[[ Given data, beginning ]]

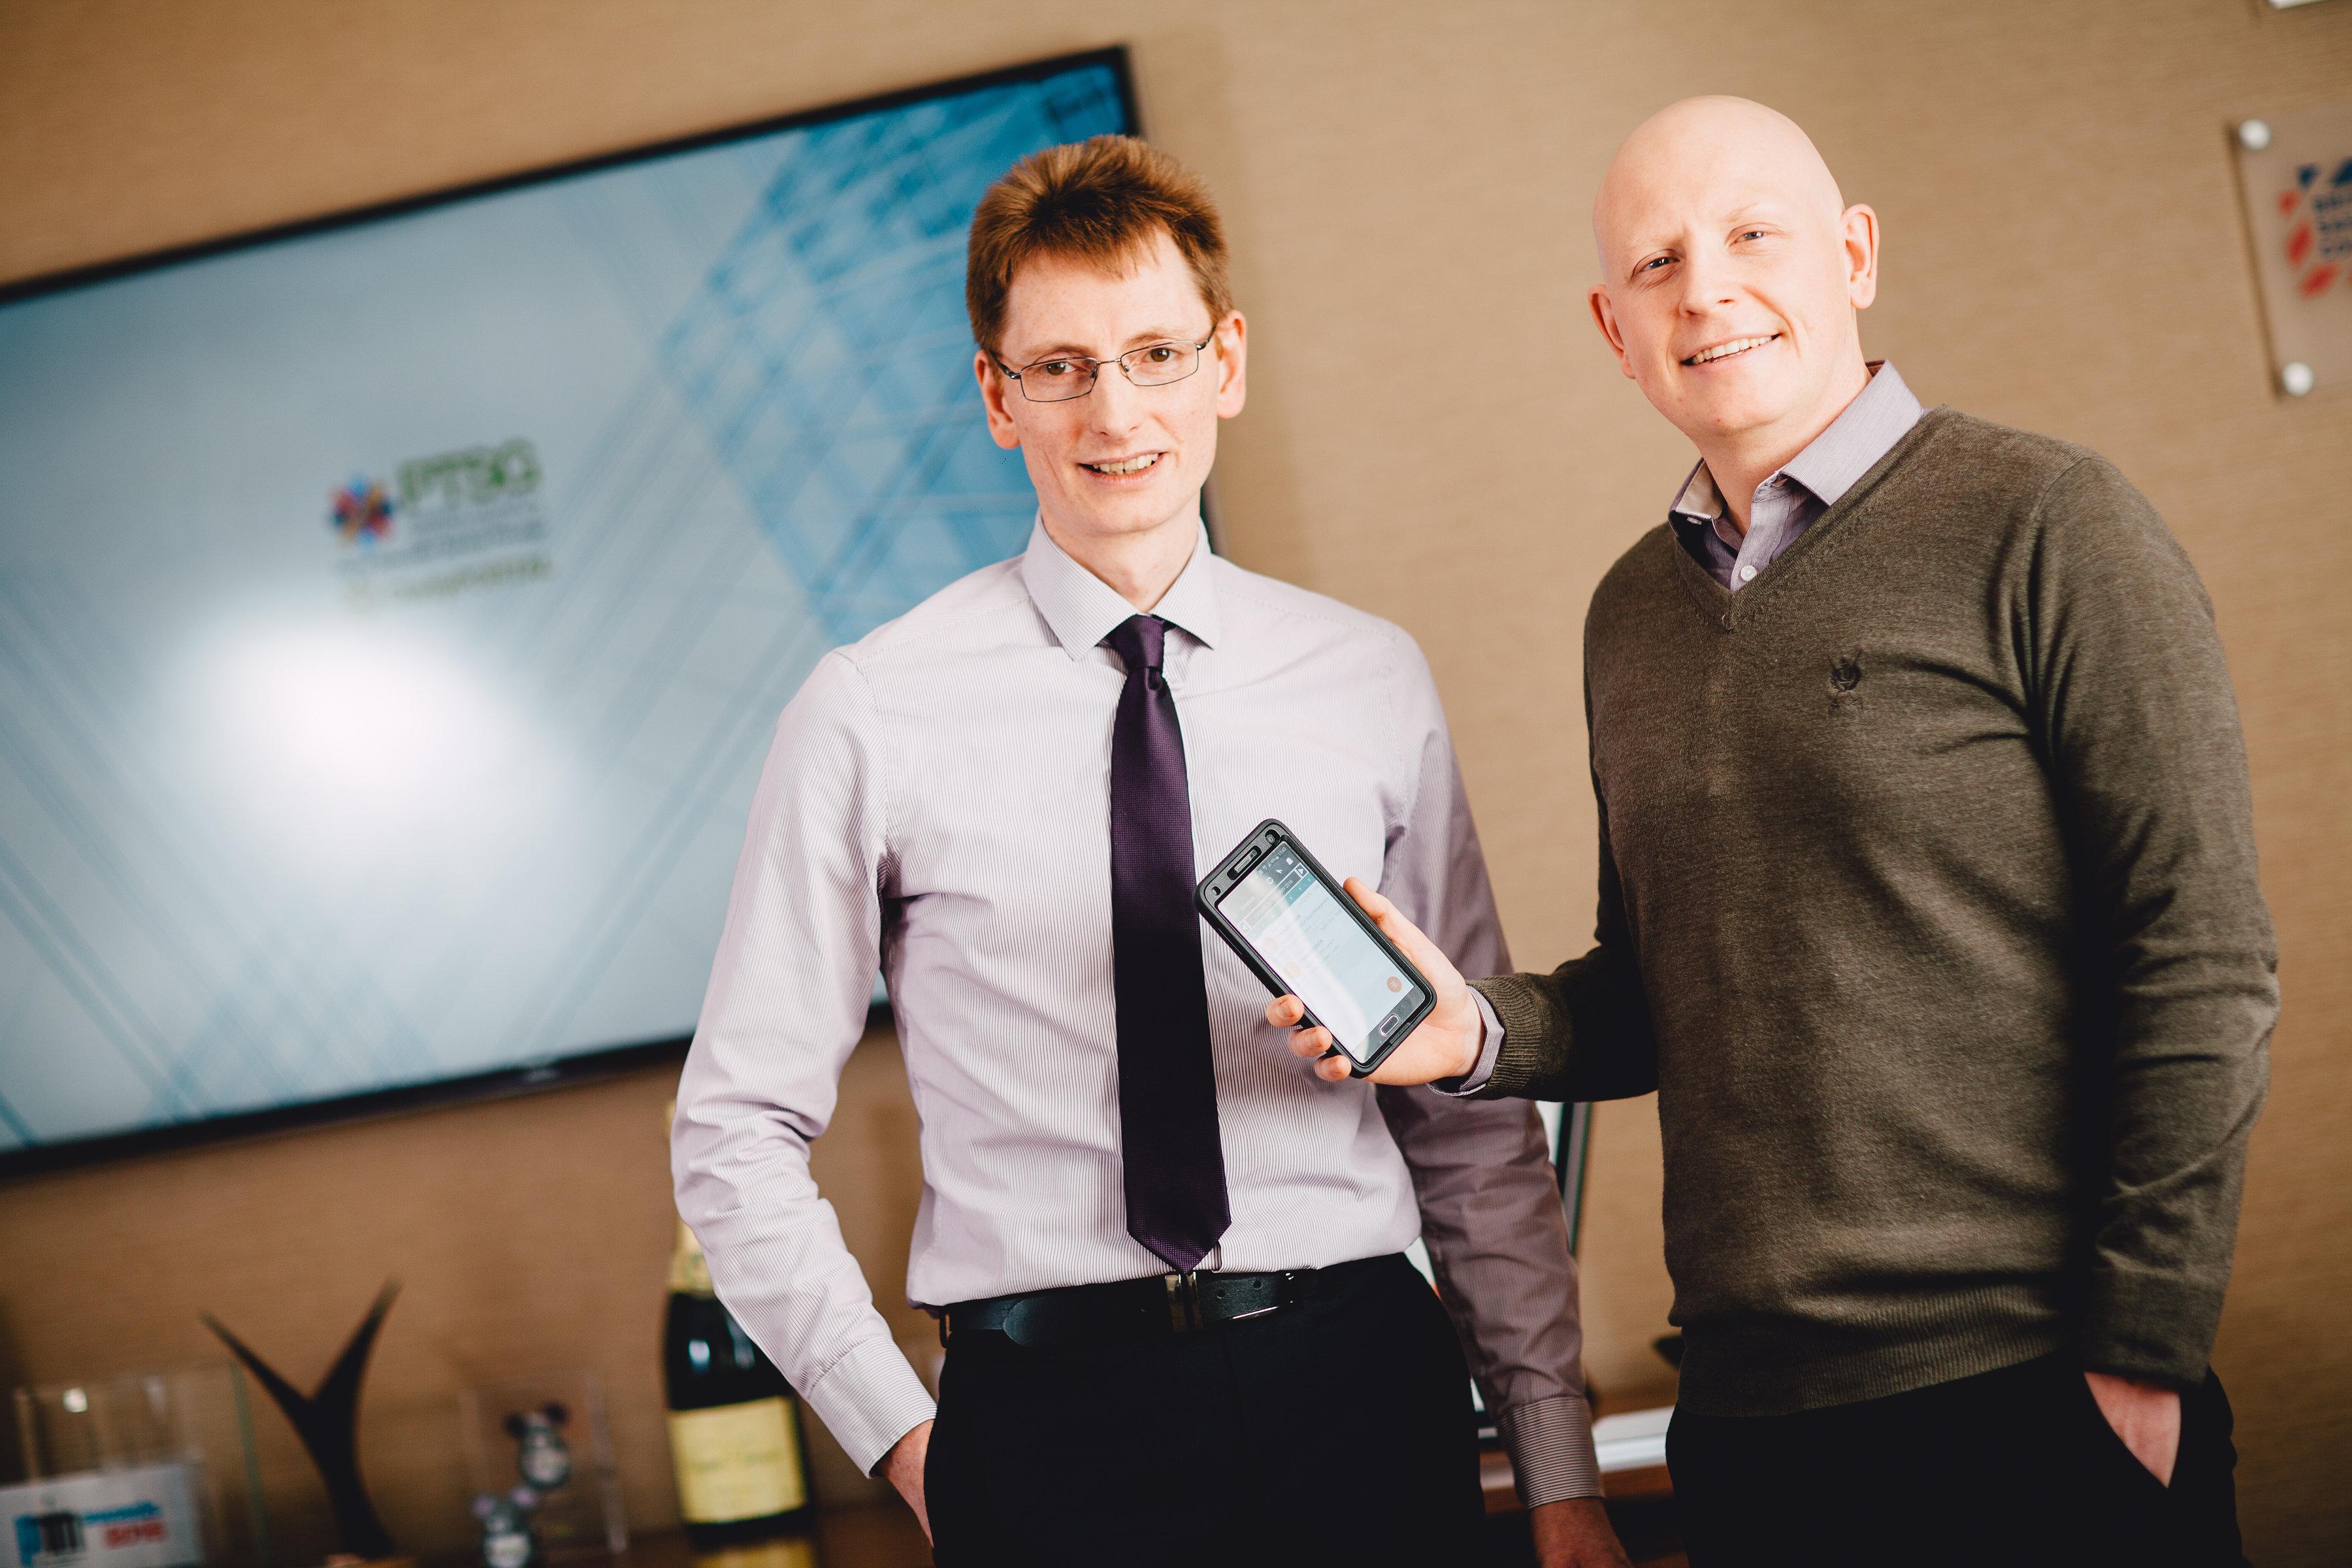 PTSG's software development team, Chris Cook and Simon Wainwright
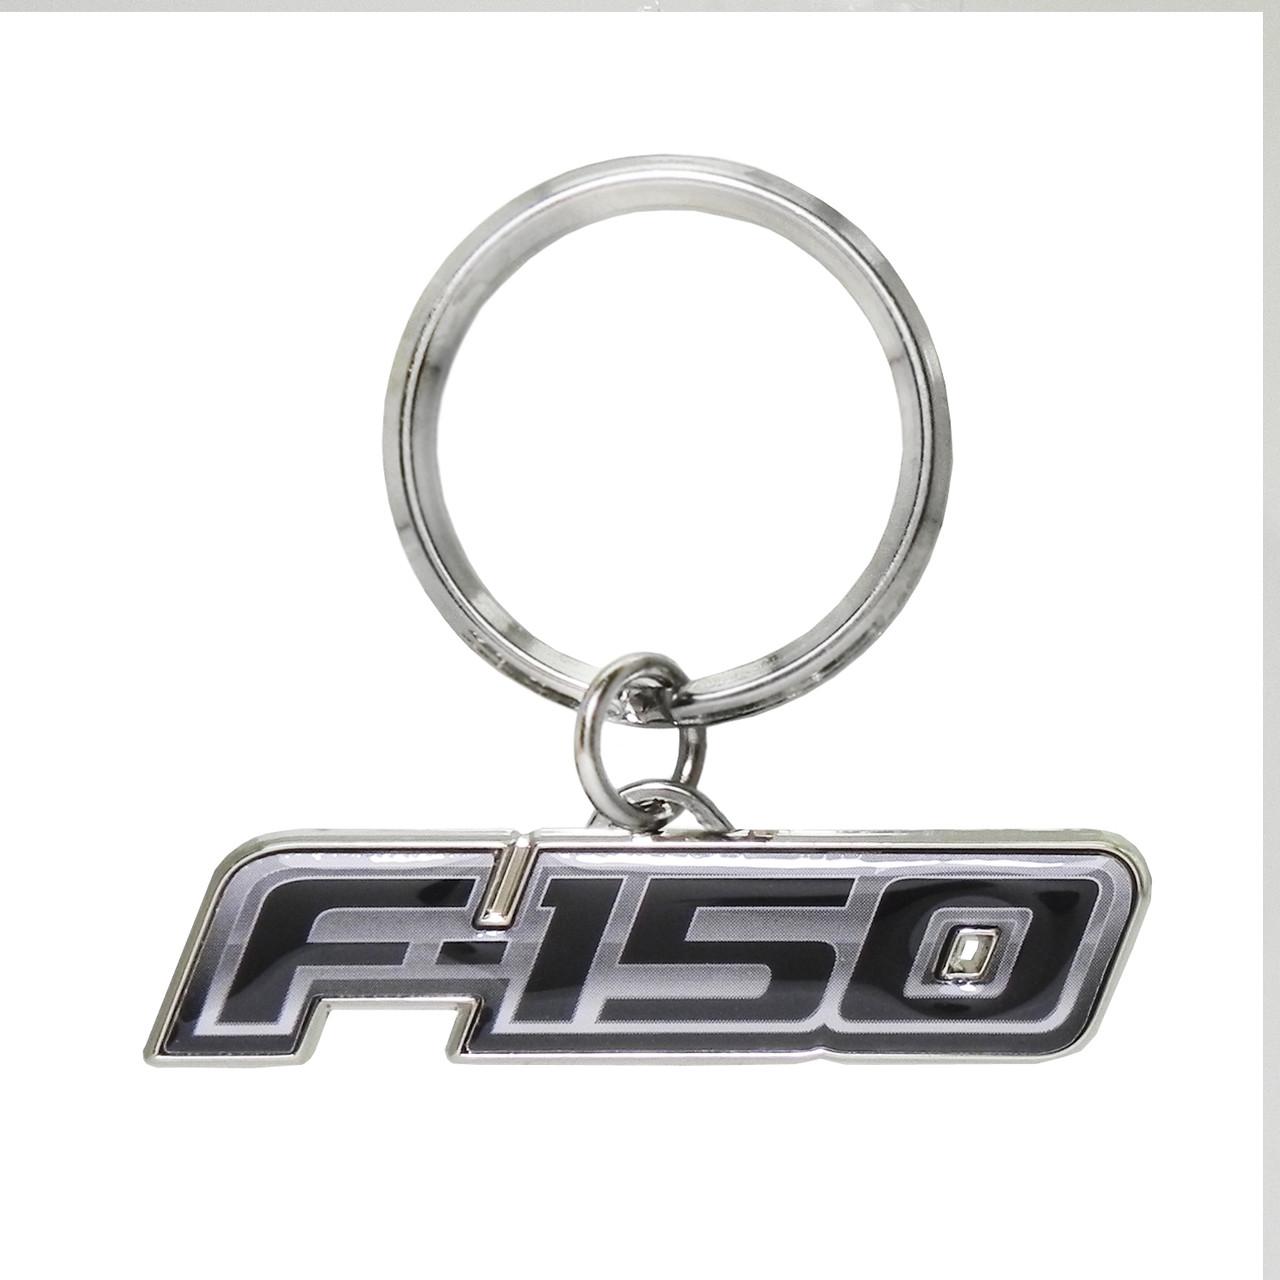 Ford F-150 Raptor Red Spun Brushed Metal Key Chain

[[ Given data, end ]]
[[ Given data, beginning ]]

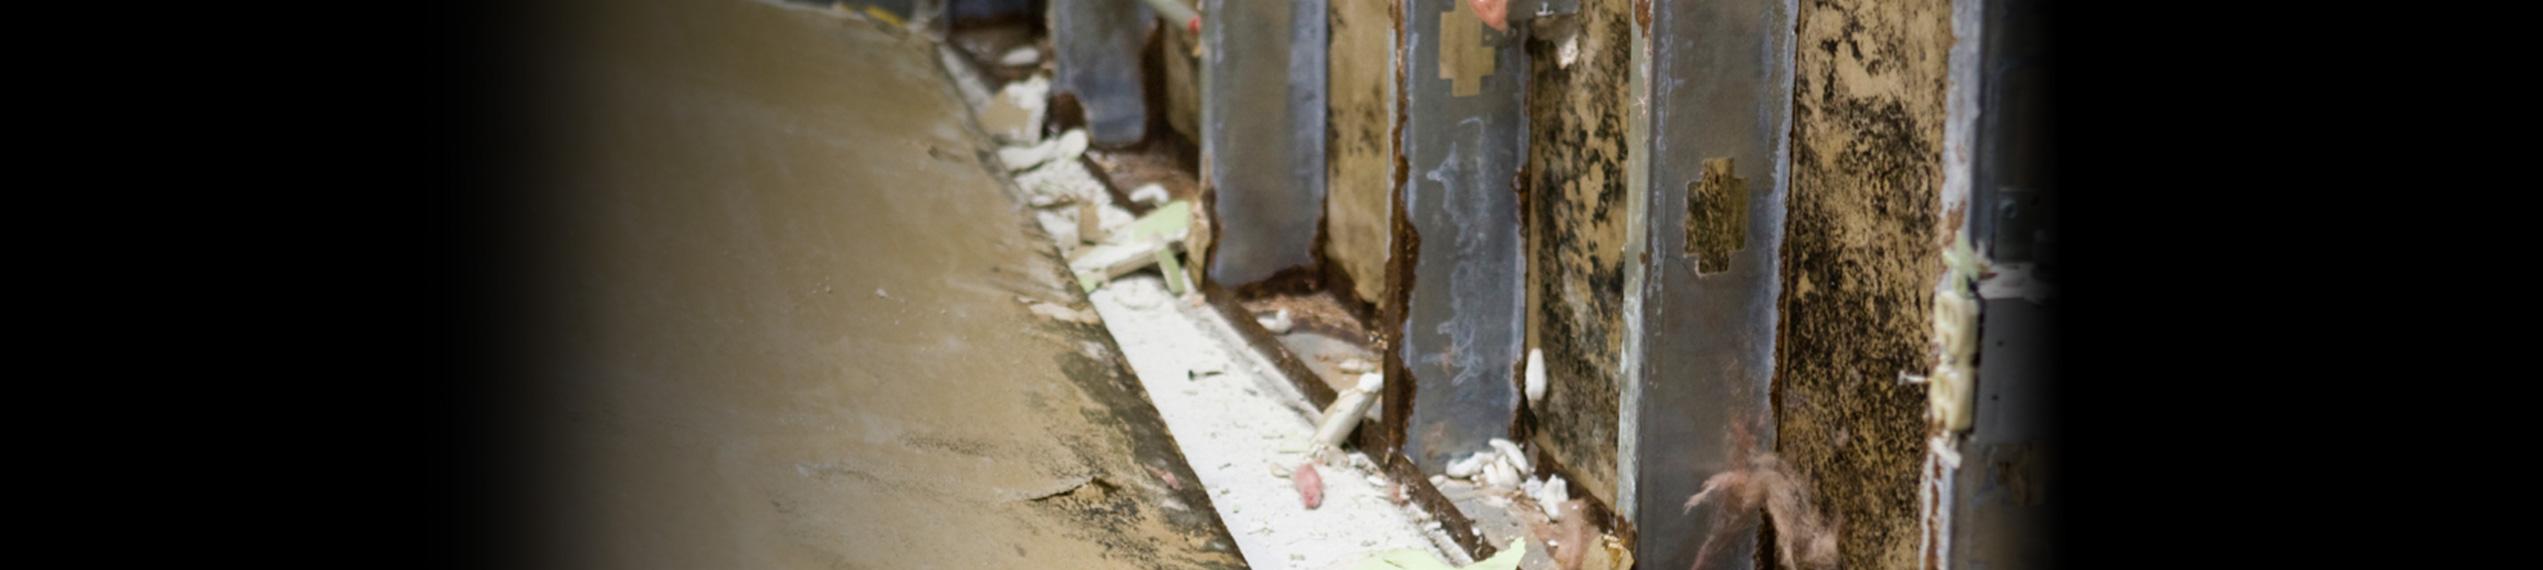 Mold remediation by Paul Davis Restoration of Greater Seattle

[[ Given data, end ]]

> [Your instructions]
Copy exactly the lines of the entries above from the one containing "PTSG's software development" through the one containing "Ford F-150 Raptor". Both end lines count; pictures do not.

> [Your response]
 PTSG's software development team, Chris Cook and Simon Wainwright
 Ford F-150 Raptor Red Spun Brushed Metal Key Chain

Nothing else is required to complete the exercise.